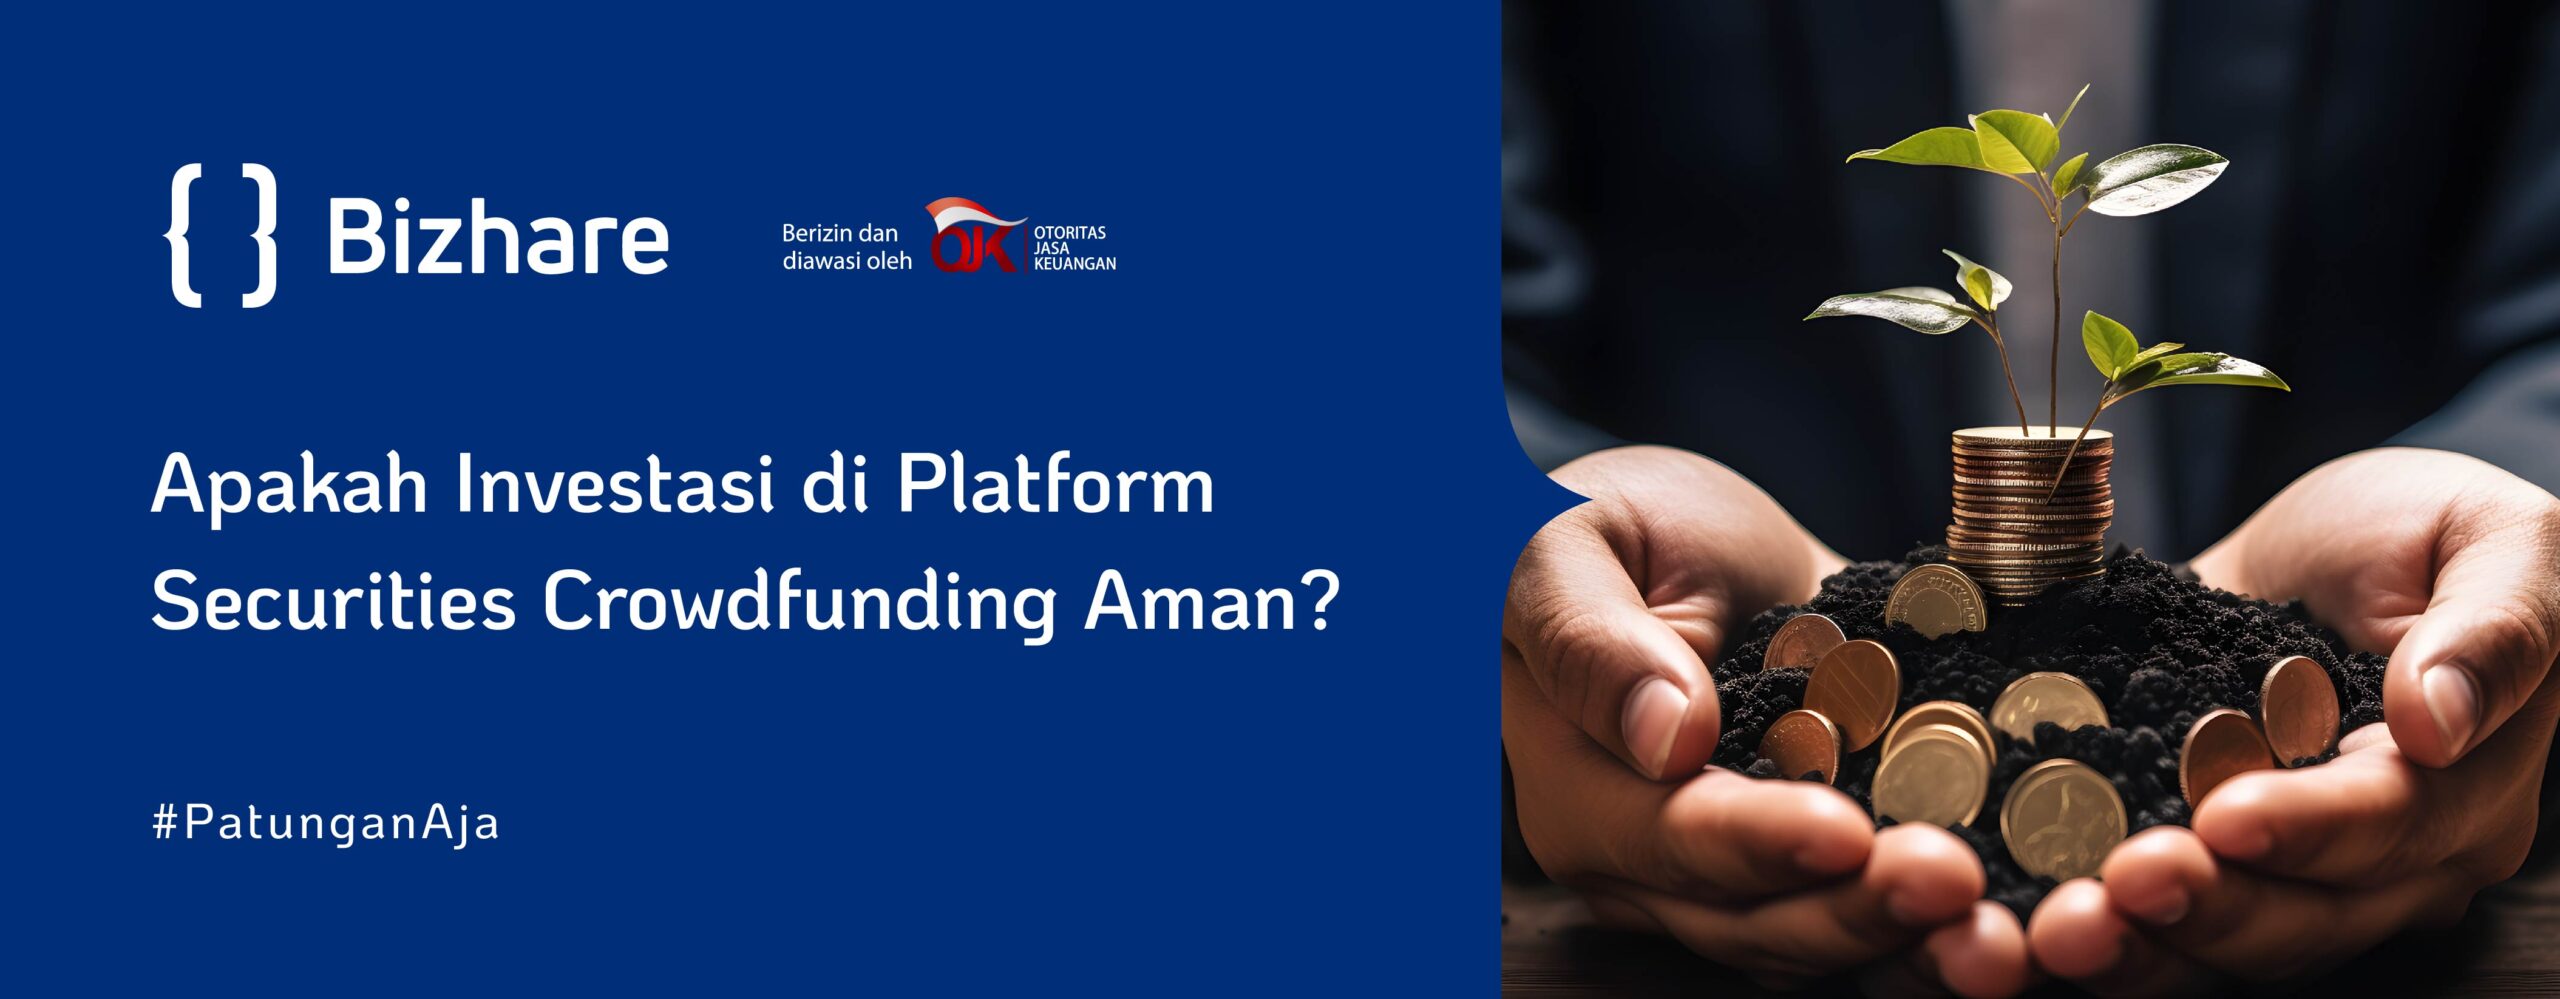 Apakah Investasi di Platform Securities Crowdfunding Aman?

^^^^

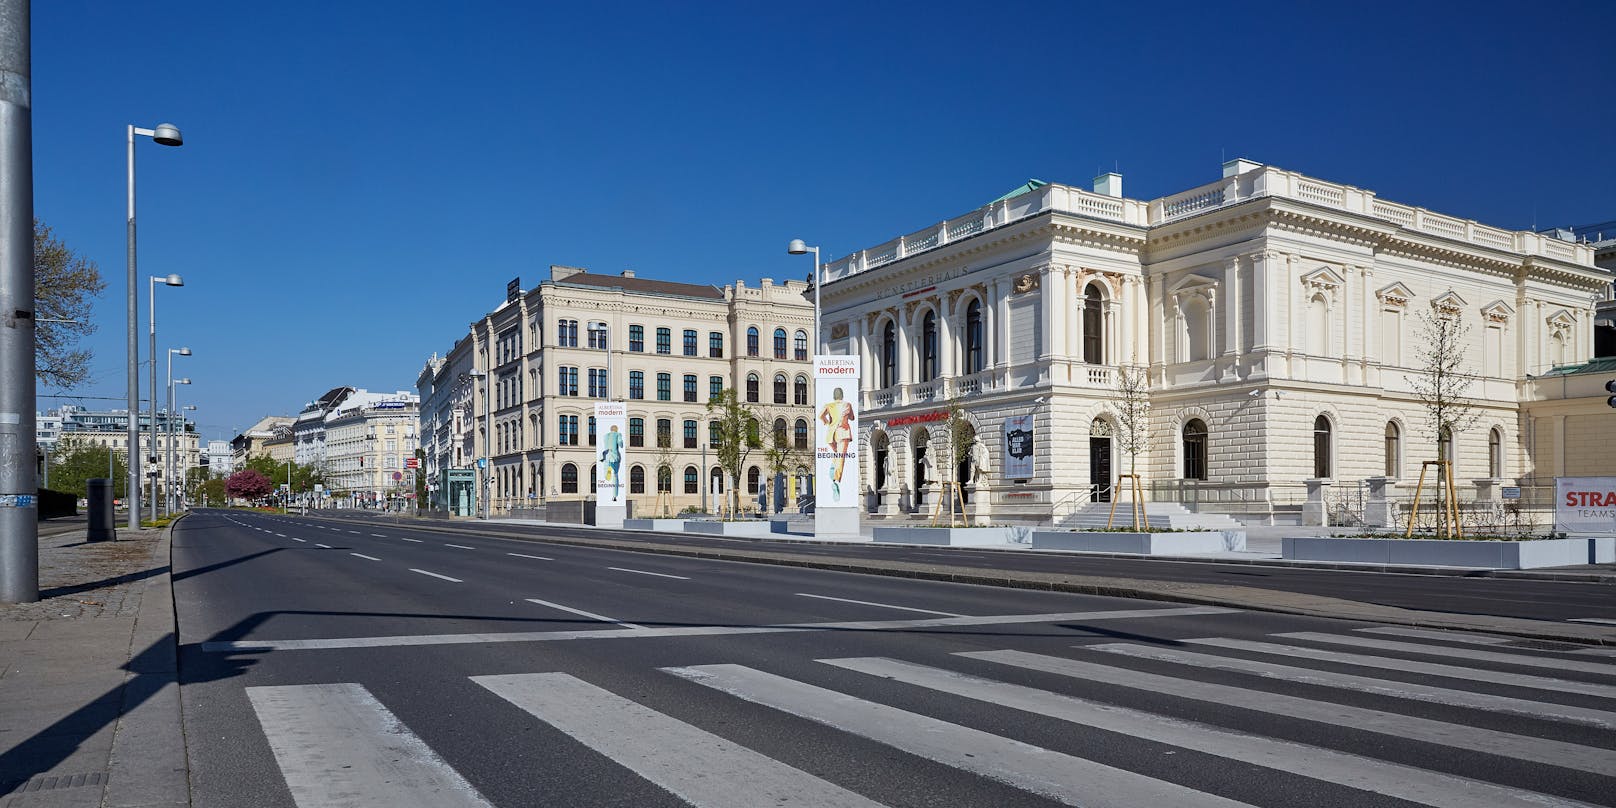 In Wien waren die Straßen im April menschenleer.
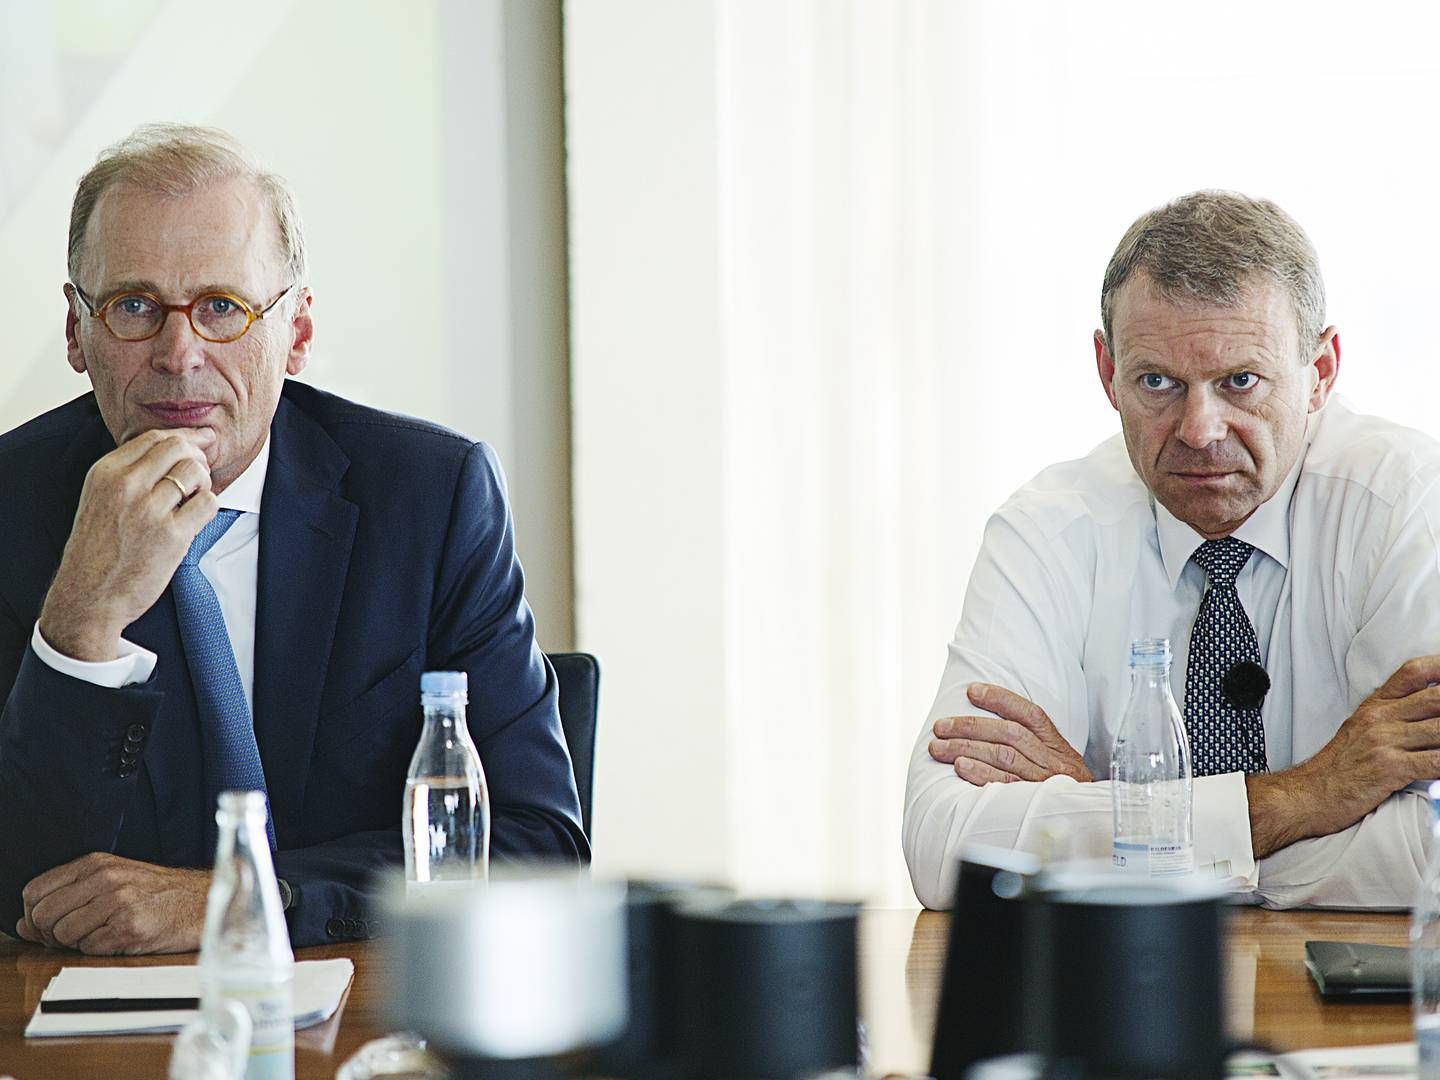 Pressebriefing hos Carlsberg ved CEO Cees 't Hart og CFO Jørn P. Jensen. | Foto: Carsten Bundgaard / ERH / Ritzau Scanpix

^^^^

WORK TO COMPLETE: Each line between the one holding "In Wien waren" and the one holding "Pressebriefing hos Carlsberg", inclusive, should be copied exactly as it appears above, and pictures should be omitted.

COMPLETED EXERCISE:
 In Wien waren die Straßen im April menschenleer.
 Pressebriefing hos Carlsberg ved CEO Cees 't Hart og CFO Jørn P. Jensen. | Foto: Carsten Bundgaard / ERH / Ritzau Scanpix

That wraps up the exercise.